Ричард Грай поглядел на друга-приятеля, хотел возразить, но в последний миг передумал. У каждого и в самом деле своя война. Кому – до смерти четыре шага, кому – мать родная.

– В среду берем Тросси, если он, конечно, воскреснет и приплывет на «Текоре». Да, я уже все знаю, не один ты, Рич, такой умный! Да-да-да!.. Сюда собирается также некто Лео Гершинин, испанский нацист. Его тоже берем. Да! Это – главные, а к ним – гарнир. Я составил списочек фамилий на пятьдесят для начала. Надо же почистить Эль-Джадиру от всякой швали!

Бывший штабс-капитан вспомнил Деметриоса и мысленно пожелал тому поскорее добраться до Испанского Марокко. Услышанное не слишком удивило. Весной 1943-го де Голль провел чистку полиции, затем занялся муниципальной властью, теперь же пришел черед «густого гребня». В освобожденной Франции аресты идут уже не первый месяц, наступила очередь и Северной Африки. Шпионская банда Чезаре Тросси и Лео Гершинина – не худший предлог.

А Европу пусть разносят в кровавые клочья!

Холод куда-то исчез, сменившись порывом знойного харматана. Ричард Грай расстегнул ворот рубашки.

Душно!

– Ничего не хочешь спросить? – как ни в чем не бывало поинтересовался Прюдом. – Нет? Тогда спрошу я. Да! В этом раскладе ты где предпочитаешь оказаться? В одной камере с Тросси – или где-нибудь еще?

– А у меня есть выбор?

Прюдом ослепительно улыбнулся:

– Есть! Да-да-да! И знаешь, почему? Потому что мы с тобой друзья, Рич. Настоящие друзья! Да! И я не могу позволить, чтобы мой друг попал за решетку. Я даже не смогу оформить несчастный случай или, к примеру, самоубийство.

Ричард Грай спокойно кивнул:

– Не сможешь. На мою могилу лягут листы известных тебе протоколов. Даже если назначишь беднягу Деметриоса Ночным Меркурием, восемнадцать безвинных душ все равно станут на пороге. Они ждут, друг Даниэль.

– Я буду очень стараться, Рич.

Улыбка исчезла. Полицейский поглядел прямо в глаза:

– Но и ты мне помоги. Понадобятся твои показания на главных фигурантов. Будет процесс – пойдешь свидетелем. Но этого мало. Да! Нужна жемчужина в заколке для галстука. И знаешь, какая?

Подождал ответа, шевельнул усиками:

– Ночной Меркурий. Отдай его мне, Рич! Да-да! Пусть это будет Деметриос или кто другой, живой, мертвый – все равно. Отдай! Докажи, что это именно он, найди улики. Меня ждут на пороге восемнадцать безвинных, а его – две сотни. Отдай!..

Бывший штабс-капитан взглянул сочувственно.

– Хочешь красное сердечко в розетку, друг Даниэль? А трехцветную ленту на венок вместе с оркестром, играющим «Марсельезу»? Ночной Меркурий погубил уже две сотни, что ему маленький провинциальный полицейский? Всего-навсего номер двести первый.

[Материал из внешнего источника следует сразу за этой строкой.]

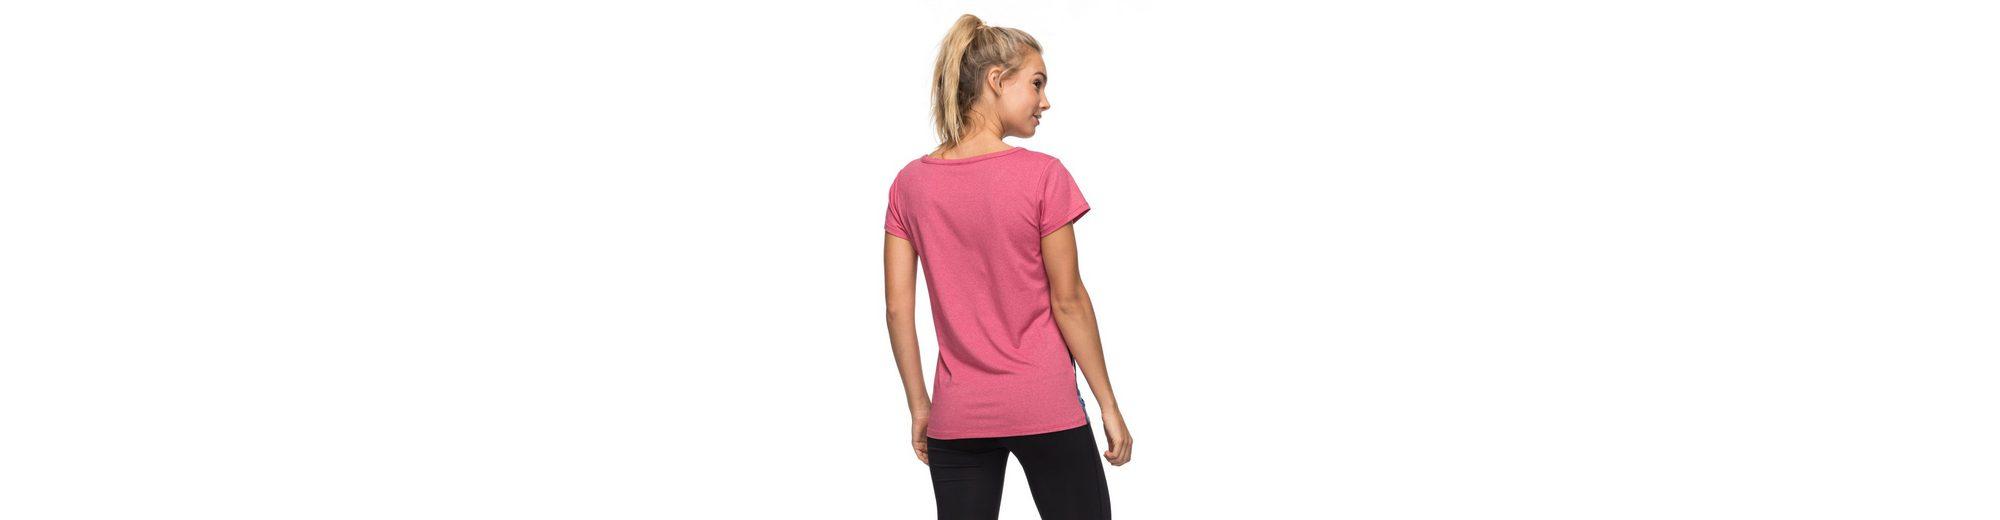 Roxy Funktionelles T-Shirt Beat The Rythm Billige Browse Erstaunlicher Preis wzrwlE0J

Наклонился, шепнул в самое ухо.

– И с чего ты взял, что эти двести – безвинные?

Крупный план
Касабланка
Октябрь 1941 года

– А не пойти ли нам по бабам? – мечтательно улыбнулся Липка, сдвигая шляпу на затылок. – Мулаточки, берберочки, гурии… Если бы ты знал, Родион, как осточертели немки, ja. Коровы, ей богу, ни ума, ни фантазии. Одно мясо!..

Я покосился на герра майора. В штатском, да еще без монокля, Теодор фон Липпе-Липский и в самом деле напоминал немолодого бонвивана, вырвавшегося из семейной клетки. «Гурии» такого с лету склюют: дорогой плащ, туфли крокодиловой кожи, черненый серебряный перстень с черепом, маленький бриллиант в галстучной заколке. На какие, интересно, шиши? Сколько им там платят, в Вермахте?

Липка перехватил мой взгляд, ухмыльнулся.

– В следующий раз возьму документы арабского шейха. Приеду в бурнусе – и с караваном верблюдов. А гарем наберу там.

Он дернул подбородком в сторону сияющей вывески американского кафе, самого веселого места в славном городе Касабланке. Туда мы и собрались, но в последний момент Фёдор предложил не спешить и расположиться на лавочке в сквере, аккурат против входа. Я не стал спорить. Для ловли гурий место в самый раз, но серьезный разговор в кафе вести не стоит.

Я вынул из кармана флягу, открутил крышечку.

– Будешь?

– А ты сомневаешься?

Липка, молодецки отхлебнув, выдохнул, расплылся в улыбке.

– Mein Gott! [45]45
  Боже мой! (нем.).


[Закрыть]
Неужели самогон? Я снова дома!..

Я хотел заступиться за лучшую граппу от Марсельца, но внезапно в моей руке словно сам собой появился большой твердый конверт. Я пододвинул портфель, щелкнул замком.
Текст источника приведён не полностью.